==== Data block

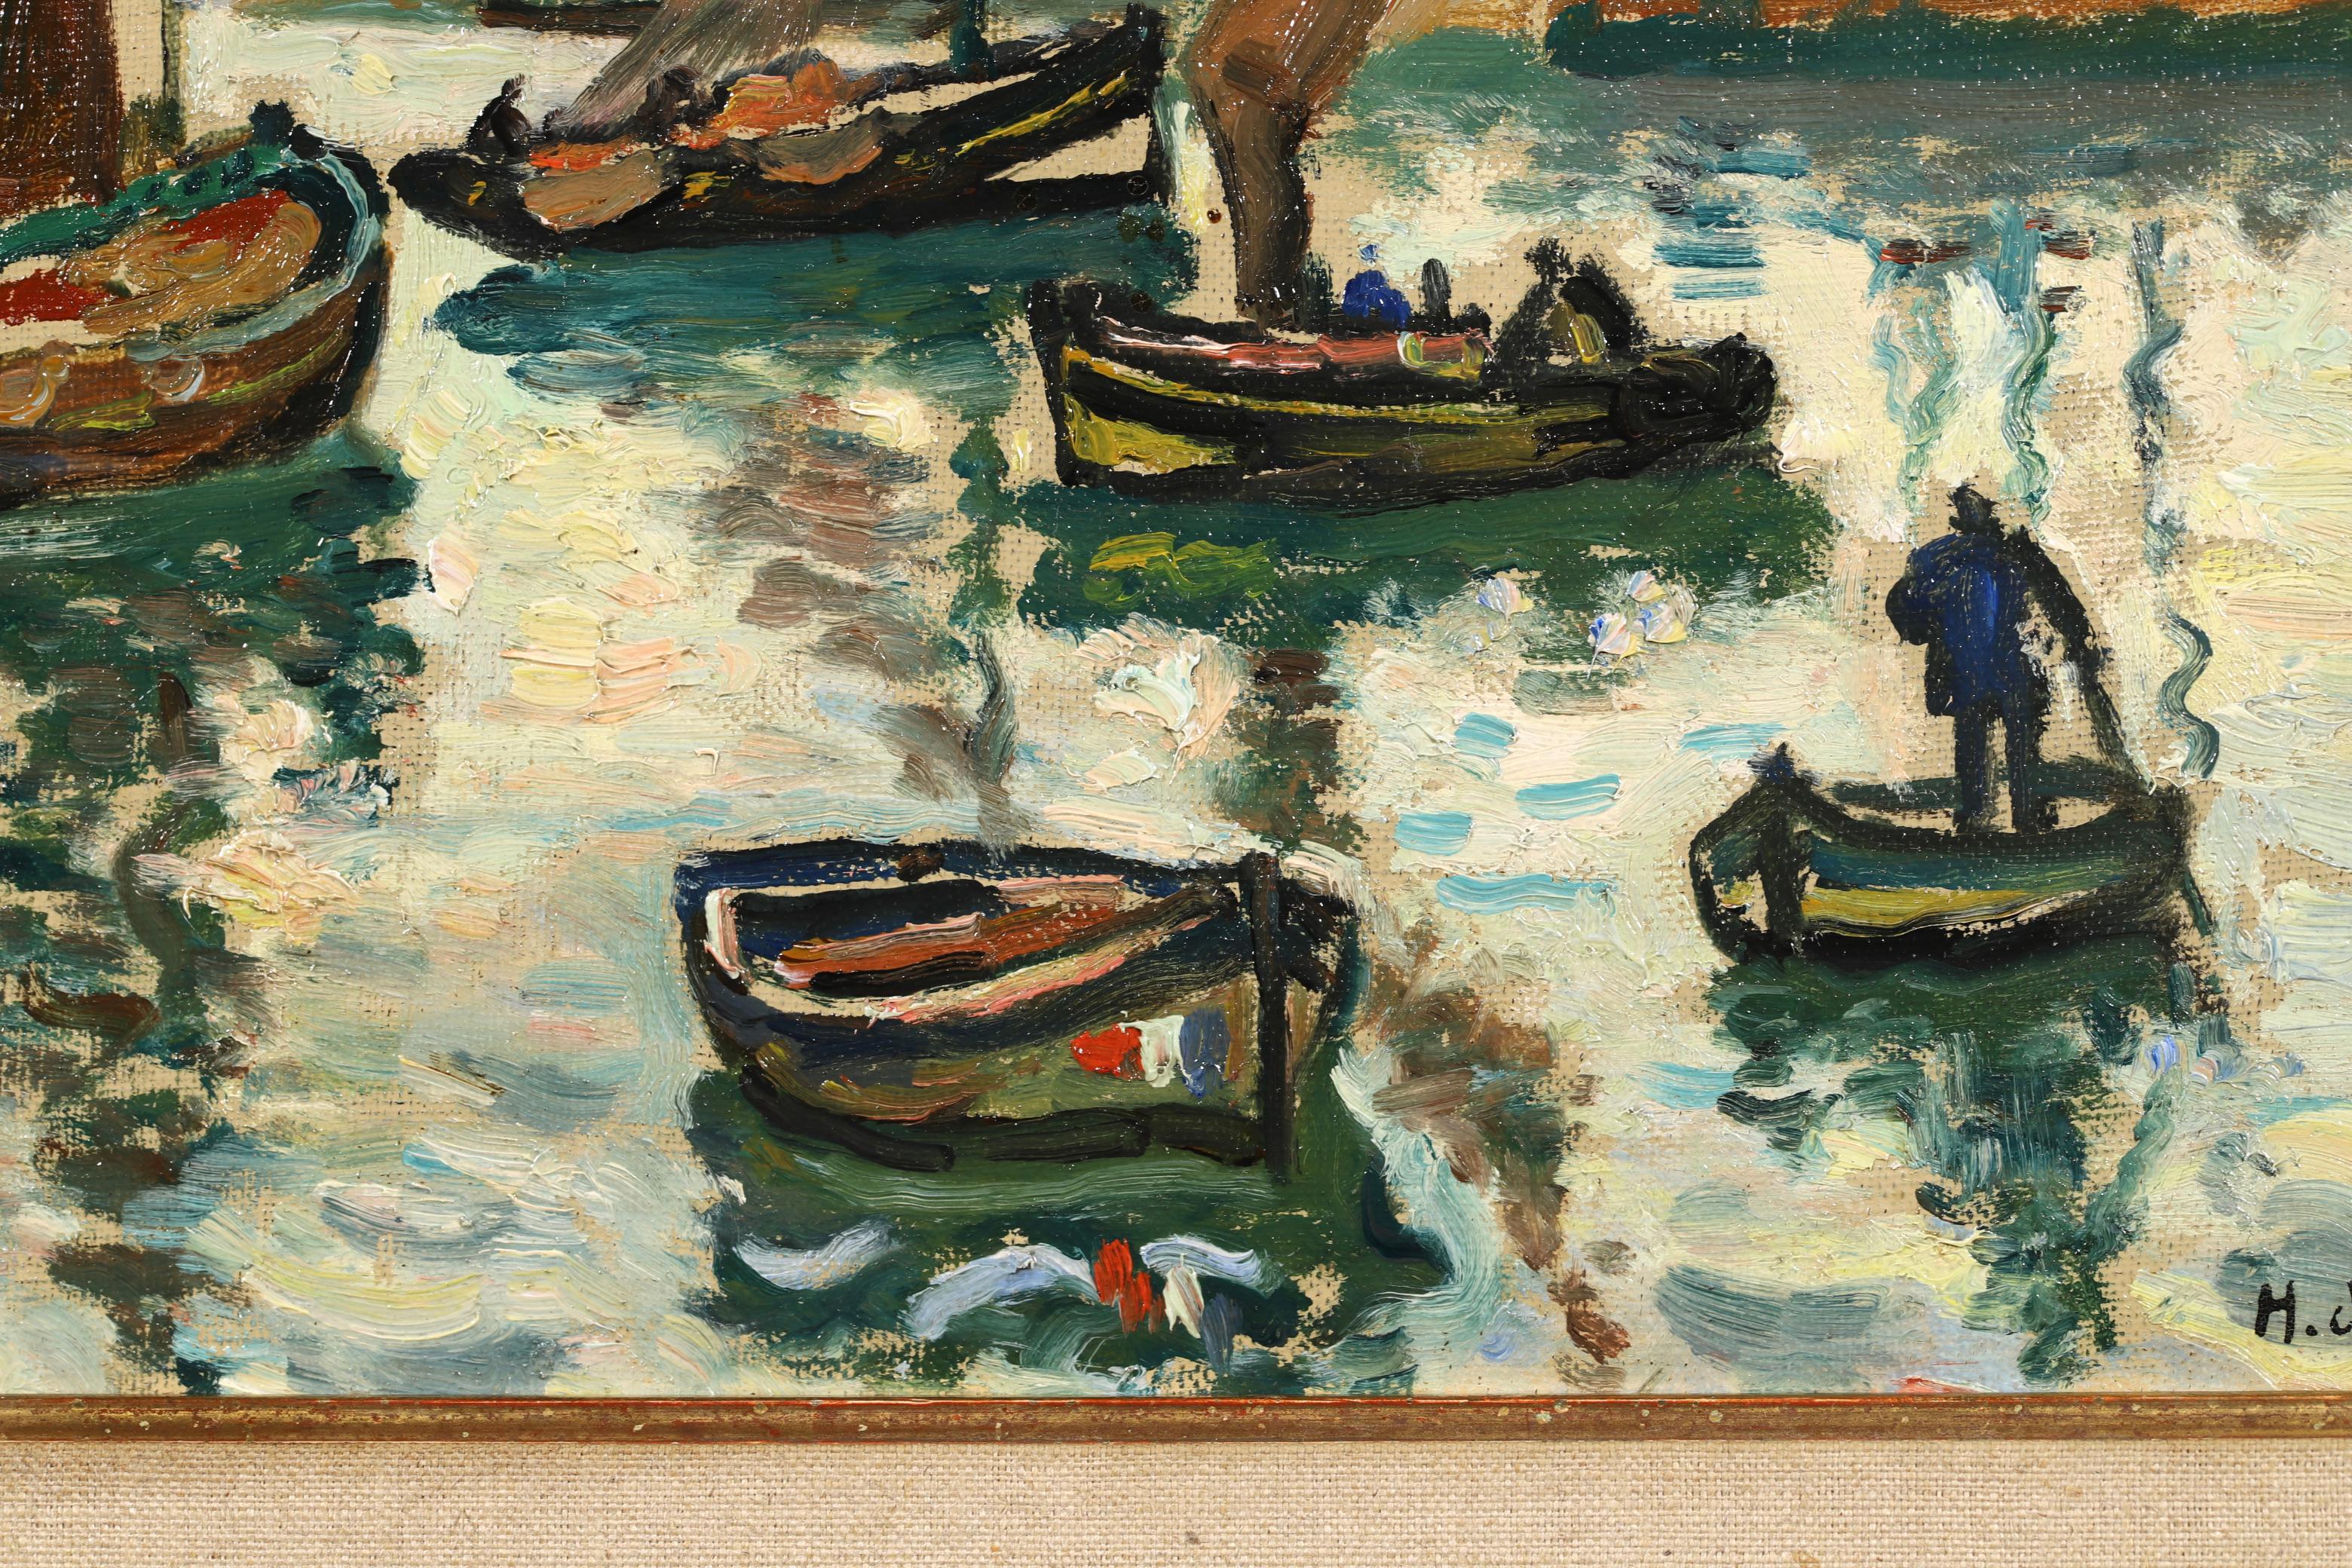 Signiert Öl auf Karton Figuren in Seelandschaft Gemälde um 1910 von Französisch Post impressionistischen Maler Henri Liénard de Saint-Délis. Das Werk zeigt Segelboote im Hafen mit der französischen Tricolore-Flagge.

Unterschrift:
Signiert unten
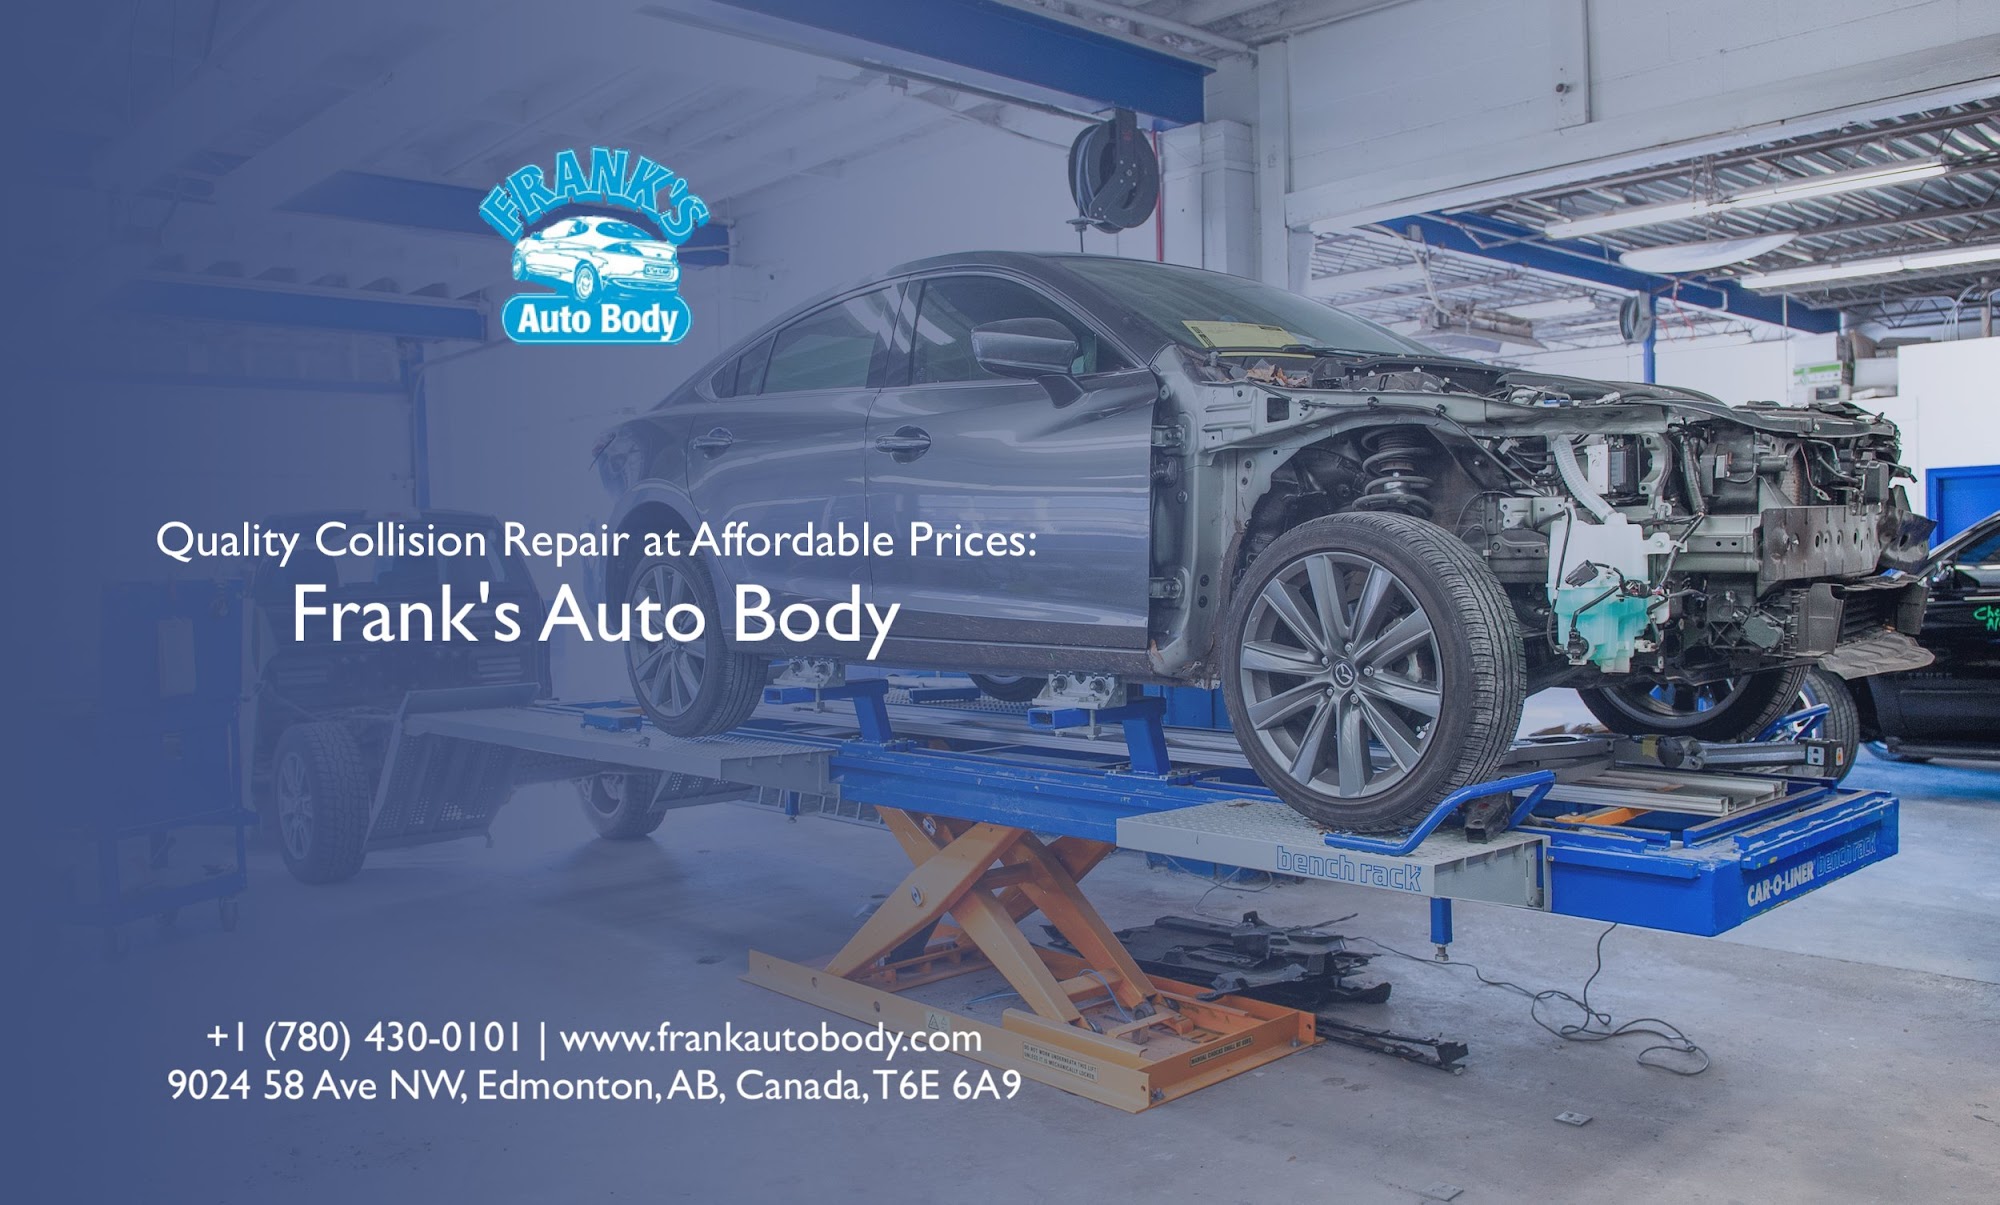 Frank's Auto Body - Best Auto Body Repair Shop in Edmonton | Accidental or Collision Repair | Rust Repair | Car Paint

========

What the task asks:
Give the material again exactly as it is, but keep the pictures out.

Task output:
 Signiert Öl auf Karton Figuren in Seelandschaft Gemälde um 1910 von Französisch Post impressionistischen Maler Henri Liénard de Saint-Délis. Das Werk zeigt Segelboote im Hafen mit der französischen Tricolore-Flagge.

Unterschrift:
Signiert unten
 Frank's Auto Body - Best Auto Body Repair Shop in Edmonton | Accidental or Collision Repair | Rust Repair | Car Paint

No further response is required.